Please tell me why I shouldn't!


----------



## Flyermc (8 April 2018)

i cant help because im also tempted, but they would be garden chickens and im worried about them not having enough space, making the lawn a mess for the kids (if they had more room) and what to do when the snow comes (we live on the edge of the moors on top of a hill, so normally get a good covering of snow over winter) we live in a tiny house, with no garage.

having said that, id love some chickens


----------



## CMcC (8 April 2018)

Smelly when you have to clean them out, especially if the ground is wet. Hen food is very attractive to rats so you get rats in the run. Horrible when the fox gets in and kills them. 

On the other hand: Fresh eggs are nice and if you get good layers and have a surplus your friends will be very grateful.


----------



## millikins (8 April 2018)

They do attract vermin however careful you are storing feed. If you let them go free range they can do an astonishing amount of damage to a garden, you can end up sick of the sight of wonderful fresh eggs, other than that, no


----------



## D66 (8 April 2018)

Smelly, rats, have to be looked after if you go away, very expensive eggs, expensive way to feed the Fox, hen house - £200, 6ft high wire mesh run with roof and door- wire dug into soil.


----------



## Clodagh (8 April 2018)

My OH says that instead of having my chickens we could just get Fortnum and Mason to deliver half a dozen by helicopter whenever we need some.


----------



## Clodagh (8 April 2018)

On the plus side they are tame, rewarding, great fun, huge timewasters and proper free range eggs knock the socks off any other.


----------



## Nudibranch (8 April 2018)

Sorry, can't help there. Chickens are great. Yes, possibly the most expensive eggs you will ever eat but they're so entertaining. Mine aren't even great layers as they're a rare breed but they do look beautiful. In fact breeding them has become a bit of an addiction. And surplus cockerels are so much better eating than supermarket birds.

If you have a secure run and house for nighttime foxes are less of a problem. Touch wood I've never lost one to a fox yet despite there being a brazen vixen who strolls through the back field in broad daylight.
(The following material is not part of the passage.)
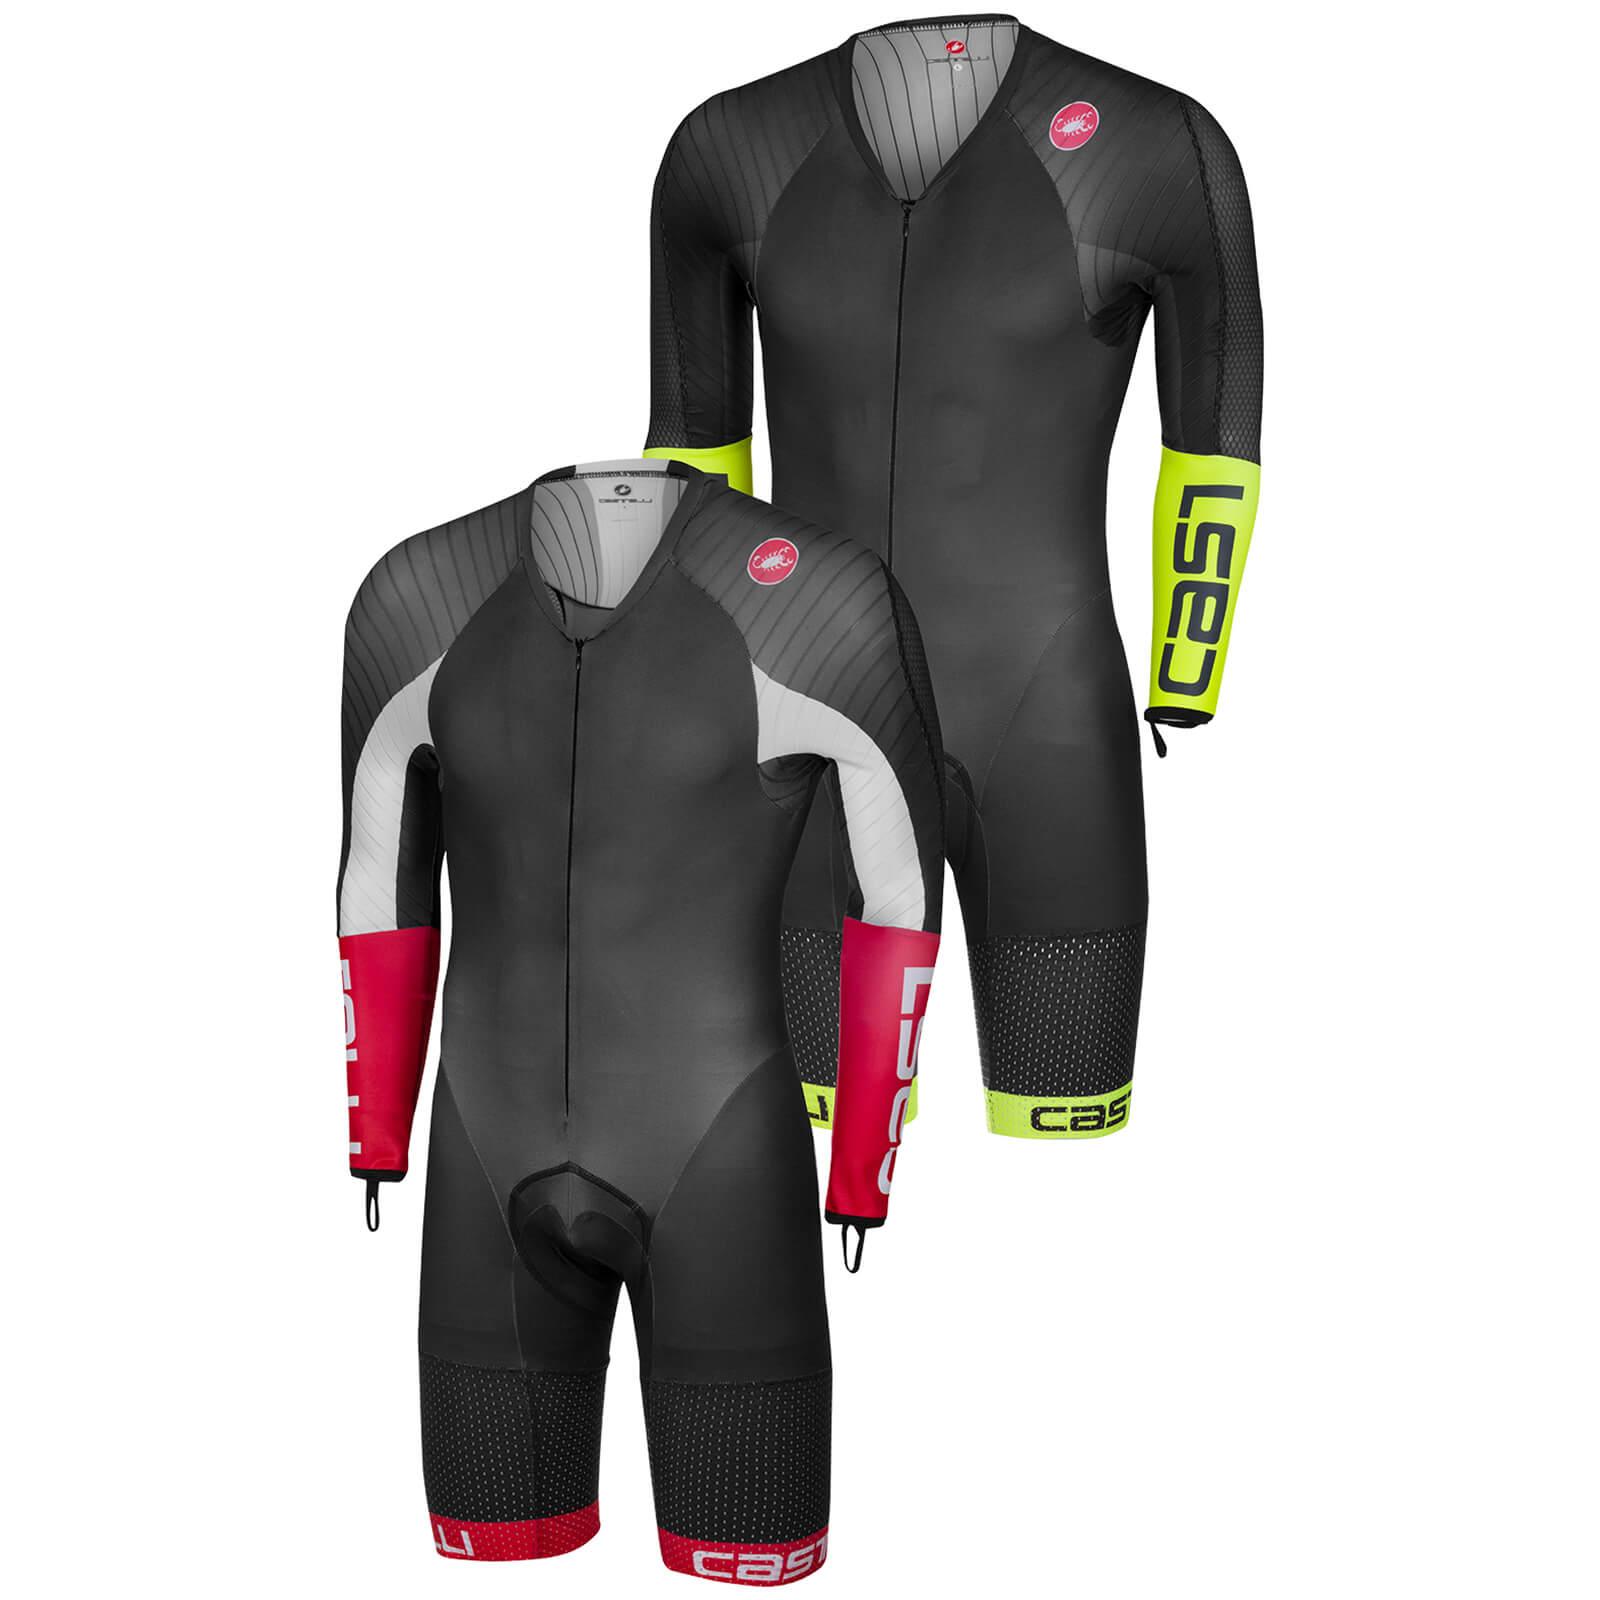 Castelli Body Paint 3 3 Speed Suit Probikekit Uk

I think having a dog helps.


----------



## ycbm (8 April 2018)

Clodagh said:



			On the plus side they are tame, rewarding, great fun, huge timewasters and proper free range eggs knock the socks off any other.
		
Click to expand...




Nudibranch said:



			Sorry, can't help there. Chickens are great. Yes, possibly thr most expensive eggs you will ever eat but they're so entertaining. Mine aren't even great layers as they're a rare breed but they do look beautiful. In fact breeding them has become a bit of an addiction. And surplus cockerels are so much better eating than supermarket birds.
		
Click to expand...

Oy!  I said put me off 

Sadly I have a lot of room, already have rats that the cats catch,  don't mind smells, need to have holiday cover for the horses anyway ..... Clucking well useless you lot


----------



## KittenInTheTree (8 April 2018)

Two words, OP: Jurassic Park.

Do you want to wake up one morning and find that you're about to be eaten by the tiny descendants of velociraptors? Because this is how it starts. One minute you're pricing yet more wire mesh, the next bam - grisly death by carnivorous pullets!
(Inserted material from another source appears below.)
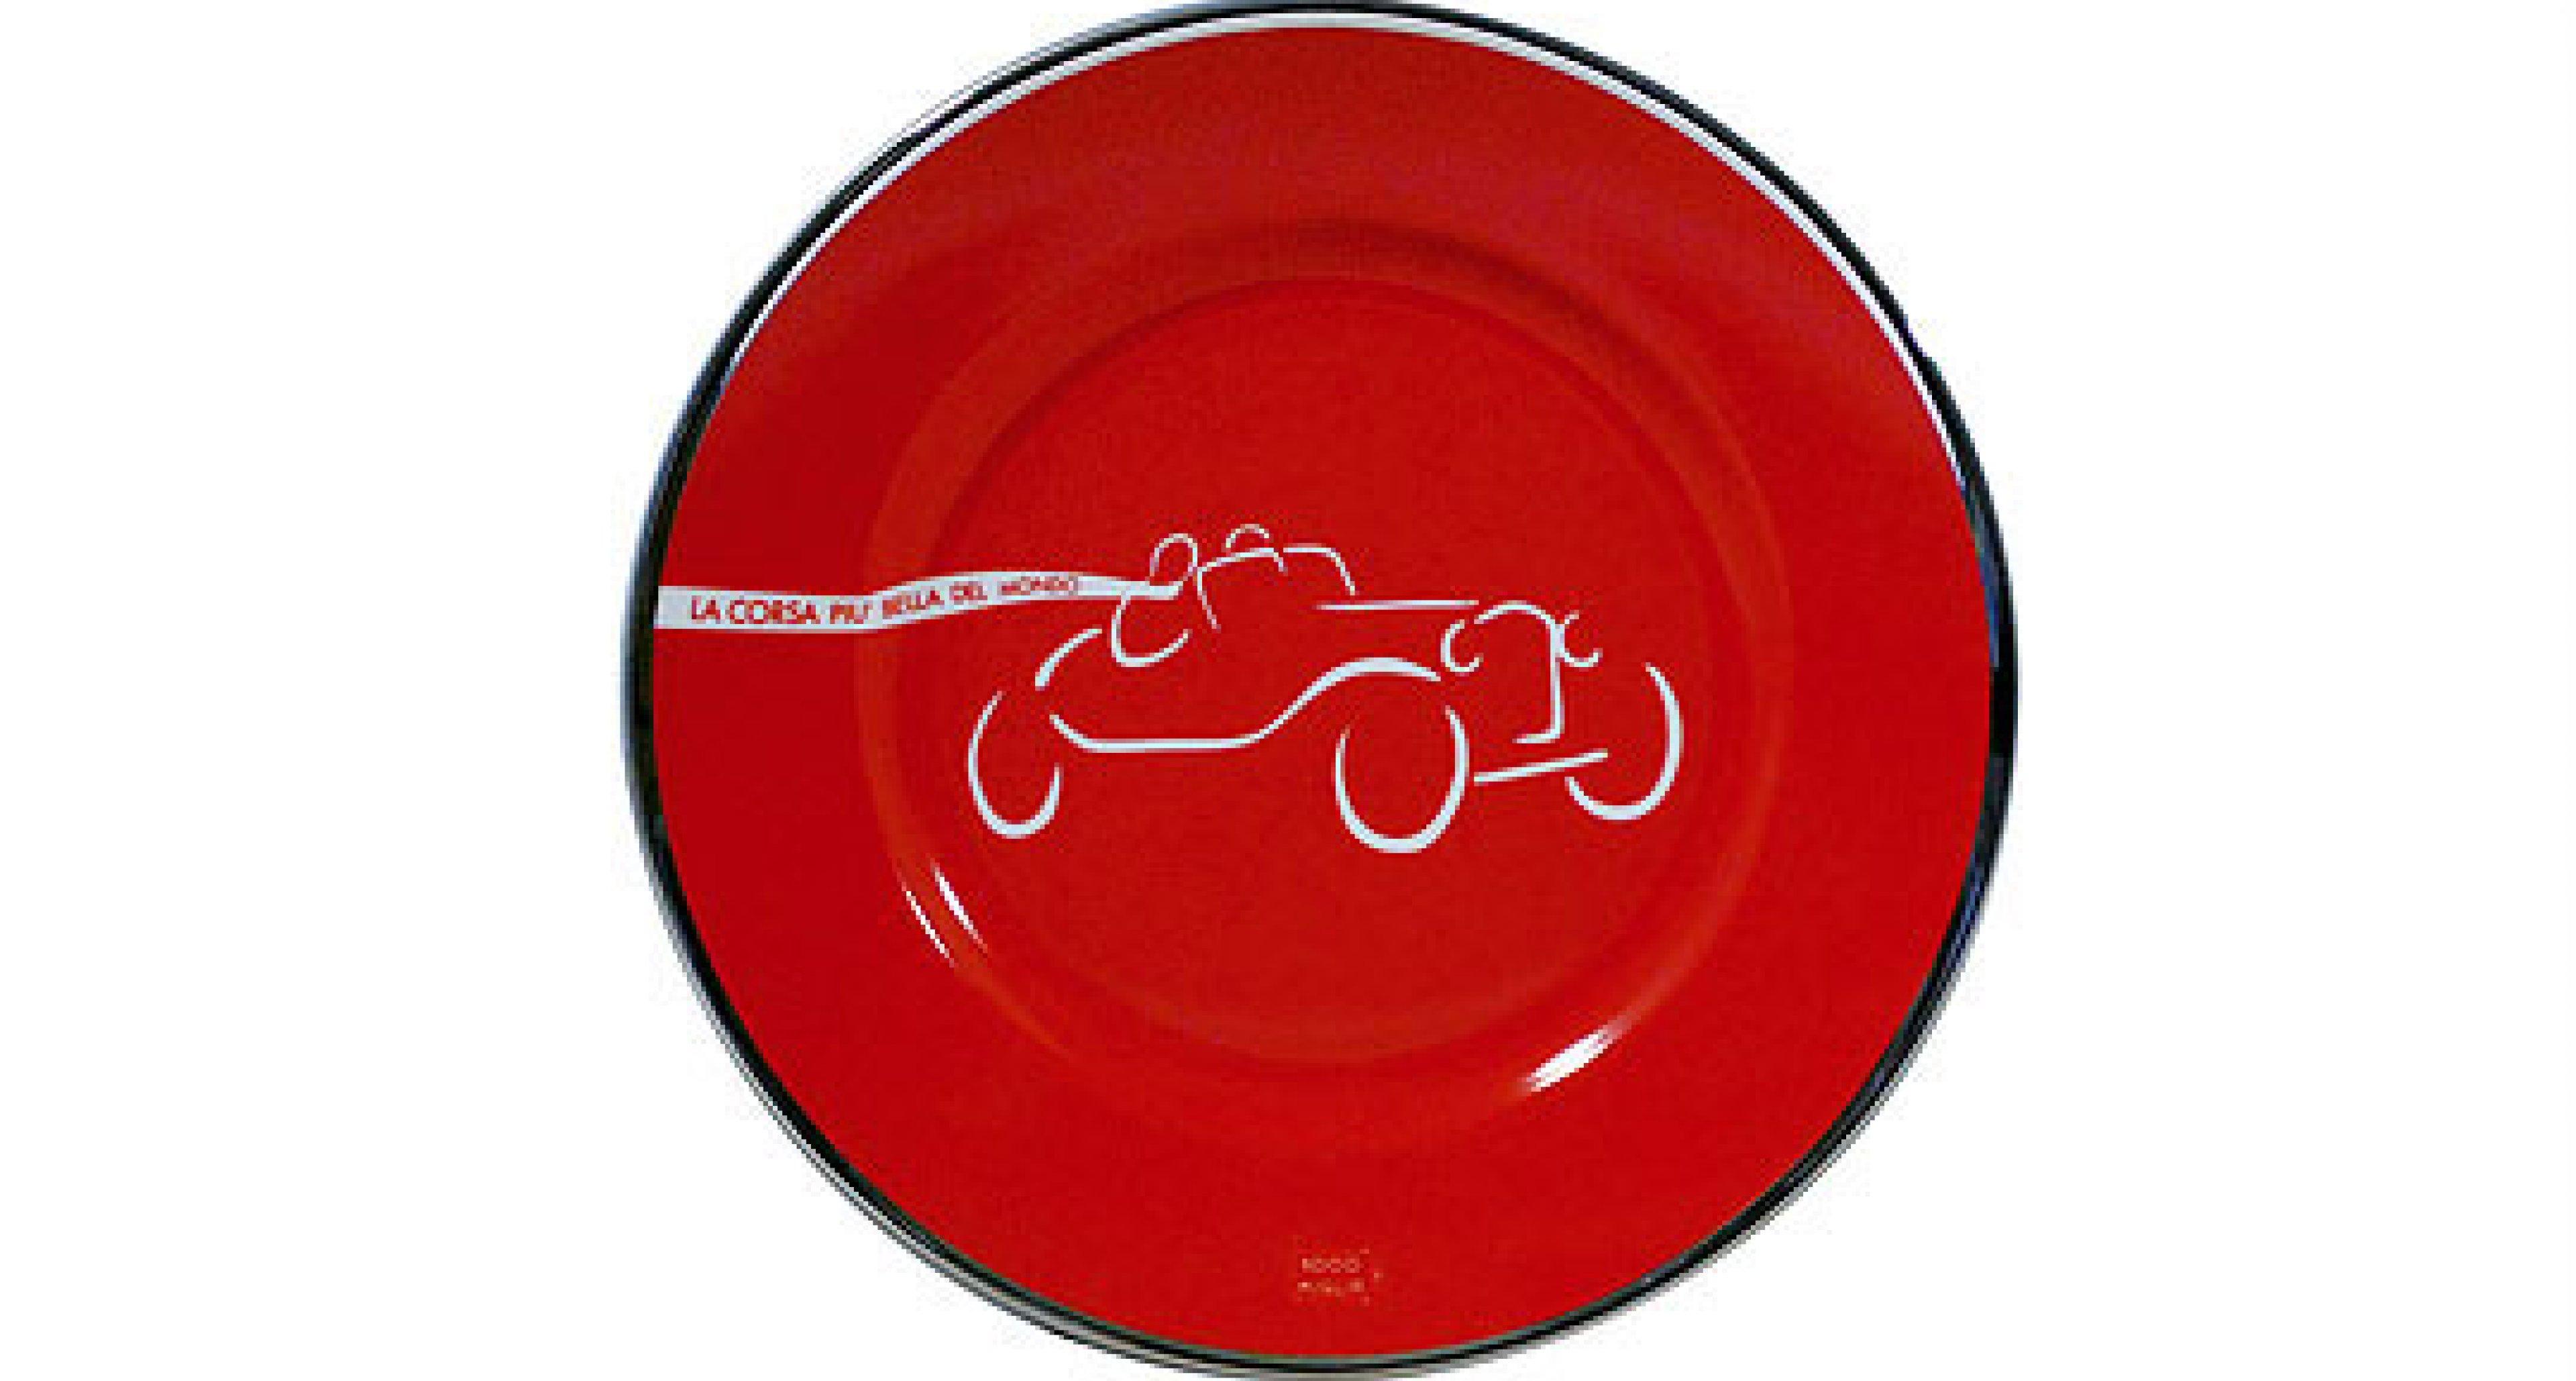 Richard Ginori Porzellan: Mille Miglia Picknick-Edition

That or they'll deliberately infect you with some kind of mutant strain of avian flu that turns people into zombies.

HTH.


----------



## planete (8 April 2018)

Far less hassle buying organic eggs and no more expensive once you have counted all the initial outlay, food, parasite prevention and treatment, fatalities, and other setbacks.  Been there, done it, no more thank you.


----------



## ycbm (8 April 2018)

KittenInTheTree said:



			Two words, OP: Jurassic Park.

Do you want to wake up one morning and find that you're about to be eaten by the tiny descendants of velociraptors? Because this is how it starts. One minute you're pricing yet more wire mesh, the next bam - grisly death by carnivorous pullets!
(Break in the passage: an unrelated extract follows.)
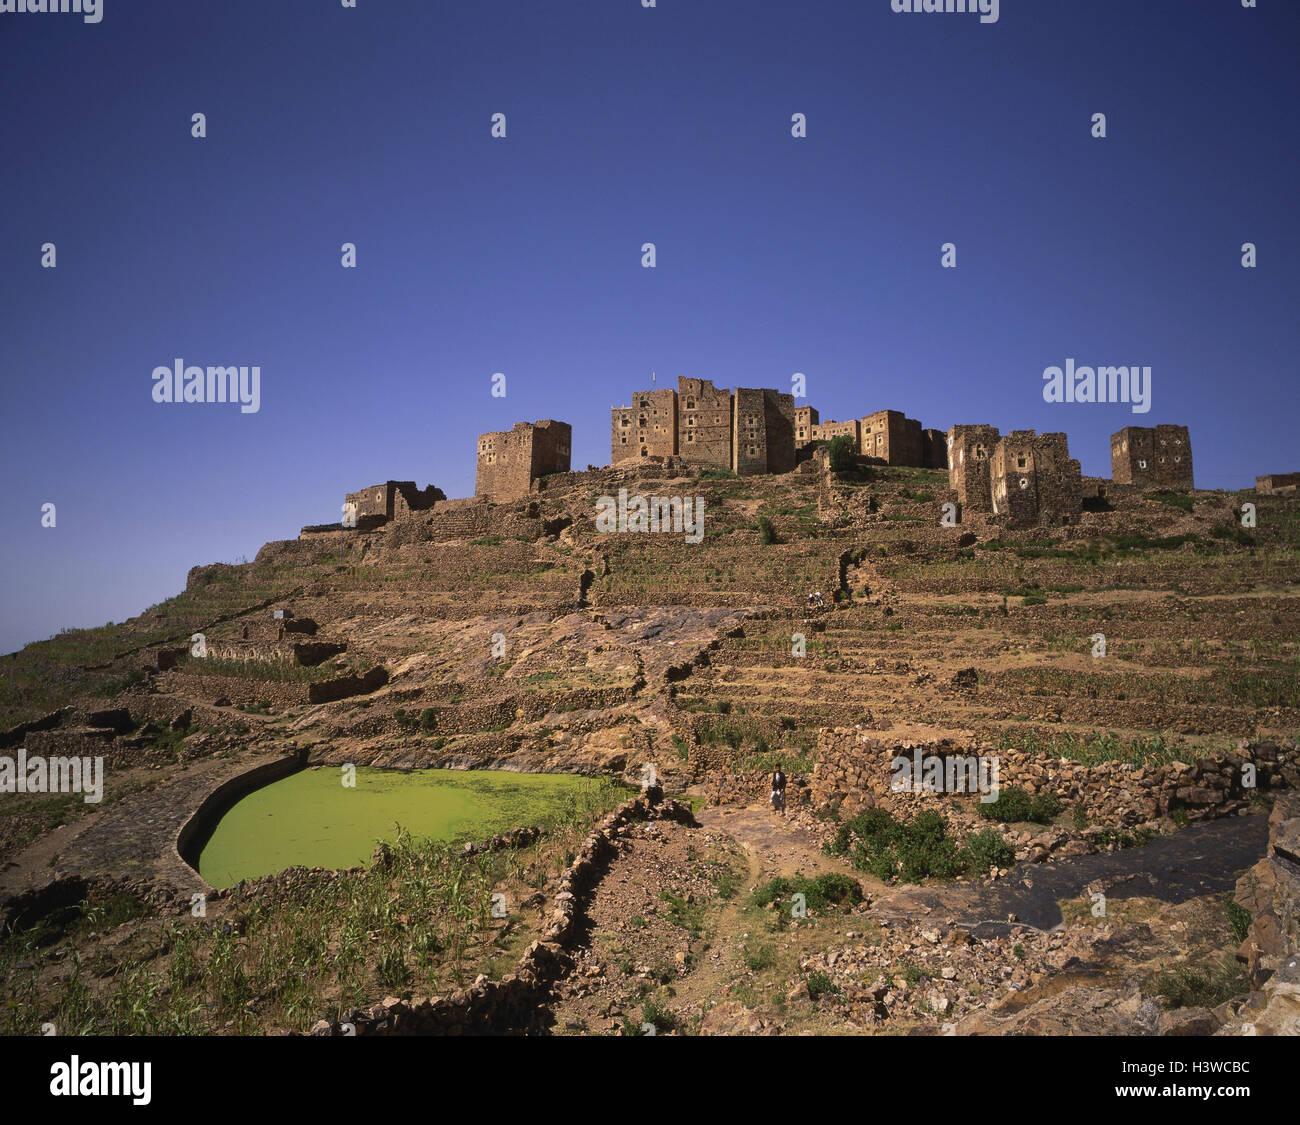 Yemen, mountain village, cistern, Arabia, peninsula, Sahara, sanctuary, village, castle, entries in accordance with. - Stock Image

That or they'll deliberately infect you with some kind of mutant strain of avian flu that turns people into zombies.

HTH.
		
Click to expand...

 
...


----------



## ycbm (8 April 2018)

planete said:



			Far less hassle buying organic eggs and no more expensive once you have counted all the initial outlay, food, parasite prevention and treatment, fatalities, and other setbacks.  Been there, done it, no more thank you.
		
Click to expand...

Really useful, Thank you!


----------



## PapaverFollis (8 April 2018)

I agree ref. the velociraptor comment. Have actually had a group of chickens pull a pincer movement on me, as described in Jurassic Park. Albeit only in order to steal my toast... But still. Frightening.


----------



## D66 (8 April 2018)

PapaverFollis said:



			I agree ref. the velociraptor comment. Have actually had a group of chickens pull a pincer movement on me, as described in Jurassic Park. Albeit only in order to steal my toast... But still. Frightening.
		
Click to expand...

Agree with this too. We inadvertently ended up with two cockerels who have been fine until this week. On Friday they both attacked me spurs to the fore at chest height. . One is now oven ready.


----------



## Leo Walker (8 April 2018)

Chickens are amazing. Mine all have strong and interesting personalities. And they come in all shapes and sizes. I dont like them too chickeny looking. This is one of my current favourites







and this is my breeding pair







I keep them on sand with covered runs and it keeps them clean, dry and theres no smell at all. I just rake it all over twice a week and clean the bedroom at the same time. The rest of my garden is big plastic chips and/or slate so I have no issues with mud at all. 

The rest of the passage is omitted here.